Curious about intermediate mean between arithmetic and geometric, I noticed that all follow pattern
$M(\space f \space,\space x[1,2,...,n] \space,\space w[1,2,...,n] \space)=f^{-1}(\frac{w[1]\space*\space f(x[1]) \space+\space w[2]\space*\space f(x[2]) \space+\space ... \space+\space w[n]\space*\space f(x[n])}{w[1] \space+\space w[2] \space+\space ... \space+\space w[n]})$.
Arithmetic has $f=I=ln^0$, geometric, $f=ln=ln^1$. What would be intermediate of $ln^0$ and $ln^1$? I think it's $\sqrt{ln}$, ie functional square root (https://en.wikipedia.org/wiki/Functional_square_root). This falls on composite functions, more specifically finding $f$ such that $f\circ f=ln$.
There are a lot of possibilities but not all like taylor series with continuous derivatives, eg half-exponential (https://en.wikipedia.org/wiki/Half-exponential_function) with conditional branches and discontinuous second derivative. Comparing taylor series of $F$ and $f\circ f$ makes me think that maybe there is an official $f$ to be finded.

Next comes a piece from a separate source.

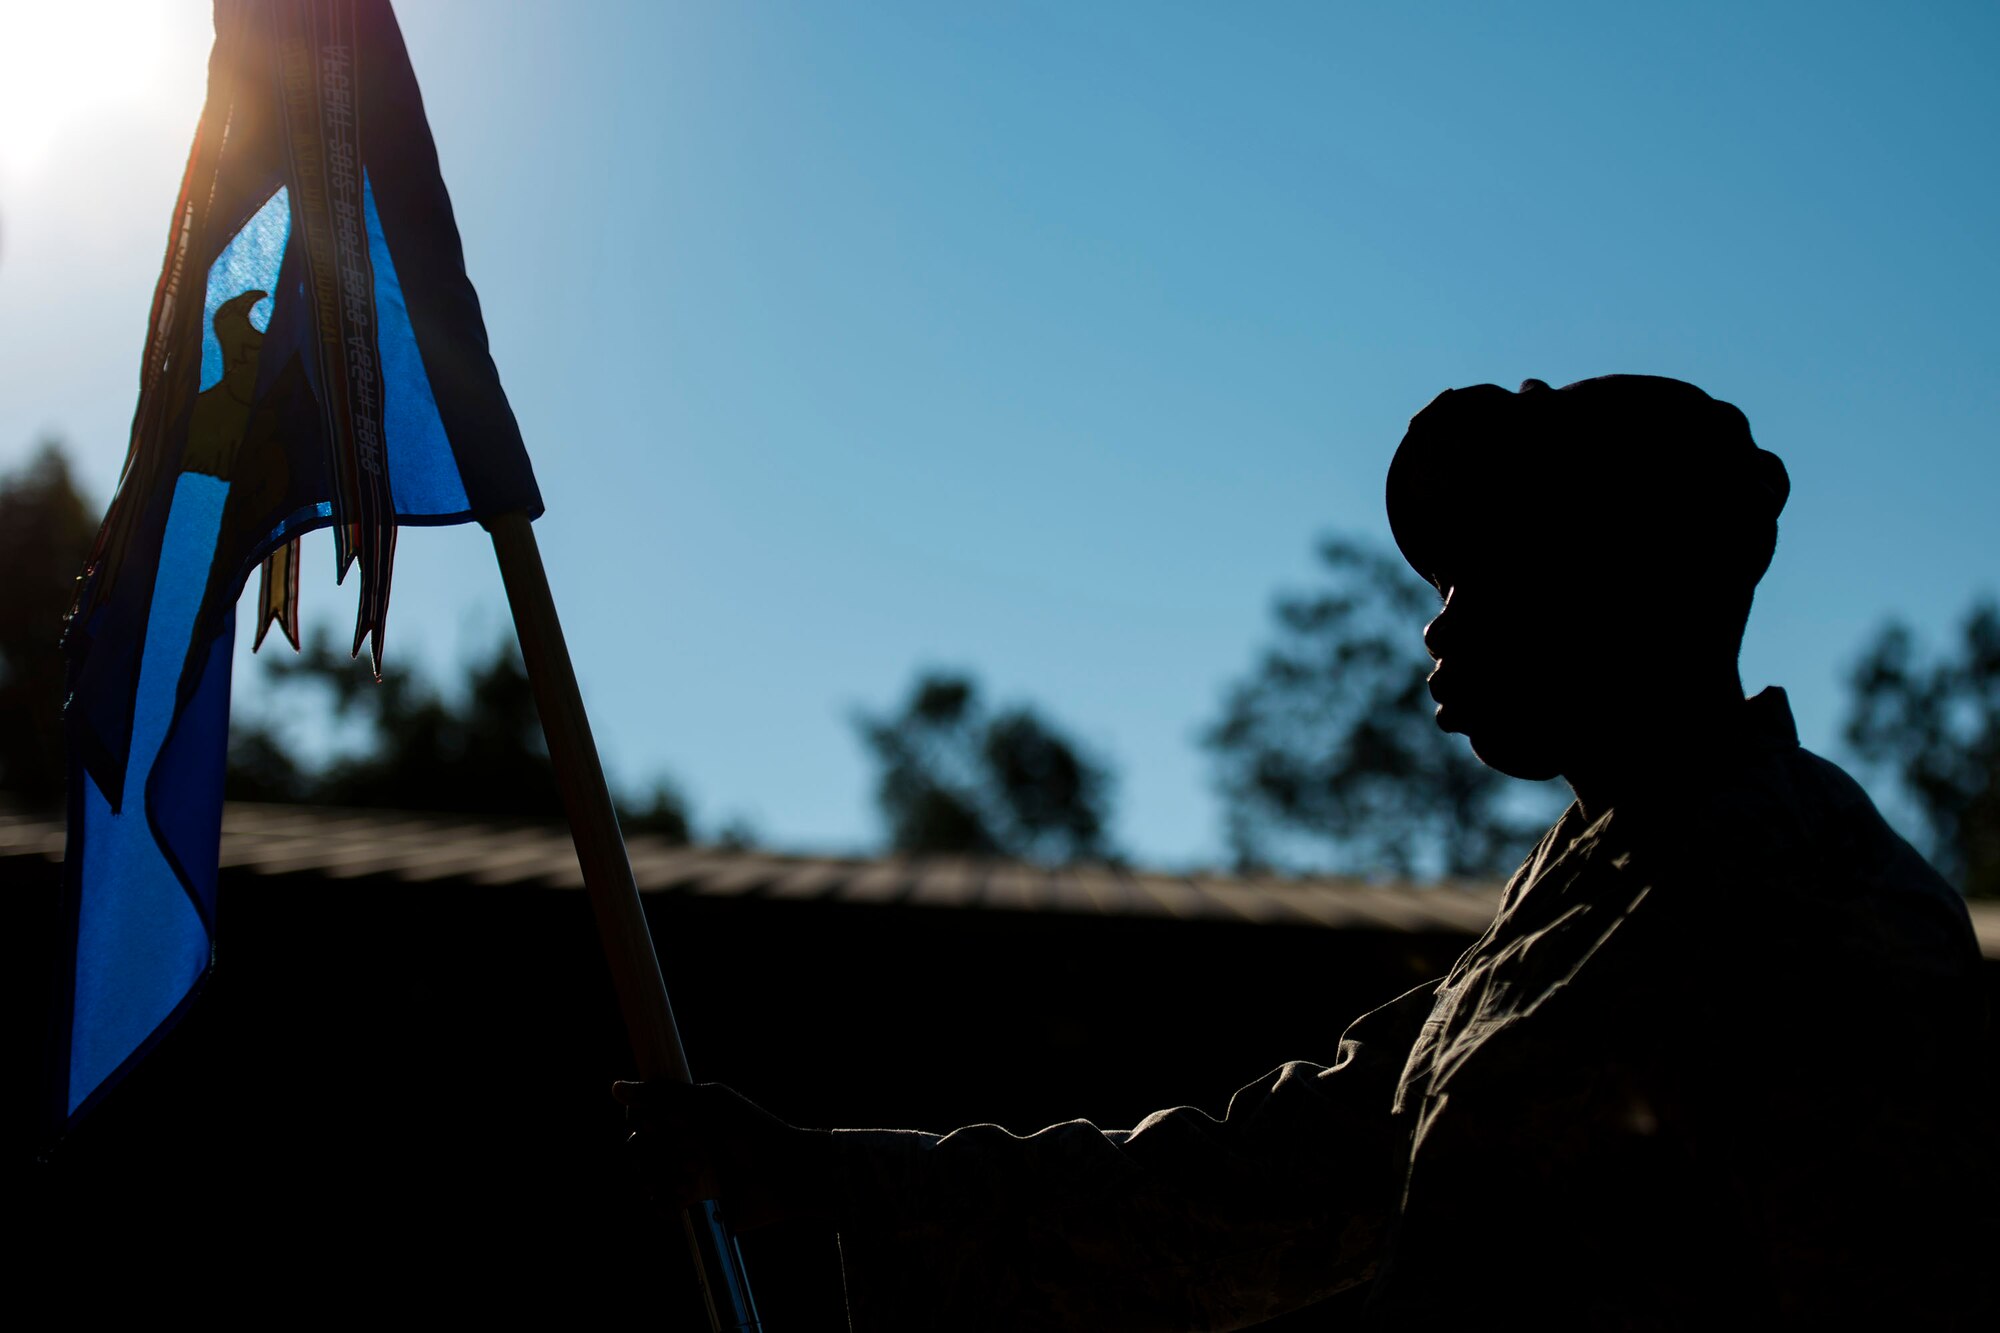 Staff Sgt. Zachariah Parker, 105th Base Defense Squadron fire team leader, Stewart Air National Guard Base, N.Y., stands at parade rest during the 820th Base Defense Group (BDG) change of command ceremony, July 12, 2018, at Moody Air Force Base, Ga. The ceremony represents the formal passing of responsibility, authority and accountability of command from one officer to another. Col. Benito Barron, 820th BDG commander, who recently relinquished his duties as the Chief of the Homeland Defense and Protection Division for Headquarters United States Northern Command, will now command the 820th BDG. The 820th BDG, which trains hand-in-hand with the 105th BDS, is the Air Force’s only unit specifically designed to provide fully integrated defense operations. (U.S. Air Force photo by Airman 1st Class Erick Requadt)

Even doesn't exists closed formula, can we find the taylor series up to a arbitrary degree of a half iteration function? If no, how to find a formula with at least the continuous derivatives of our preference?
For now I don't know about taylor series of $F=f\circ f$ but if can then may be converted to closed form with generator function. Since it is like $\sqrt{exp}$, $\sqrt{ln}$, ..., we can see the link https://en.wikipedia.org/wiki/Half-exponential_function with more attention.
We can understand it like this: as with $F=exp$, POSSIBLY if another $F$ is an increasing continuous bijector then there is $f$ such that $F=f\circ f$ and
$f(x) = \begin{cases} F^{-1}(f(F(x))) & x<A \\ g(x) & A\leq x\leq B \\F(g^ {-1}(x)) & B<x\leq C \\ F^{-1}(f(F(x))) & C<x \end{cases}$
where $g:[A,B]\to [B,C]$ is increasing continuous bijector. If we understand how this recursion works, we can also "define this possibility" better.
To be continued...
If you give me a better answer than what I'm thinking (in advance), I'll accept it as the solution.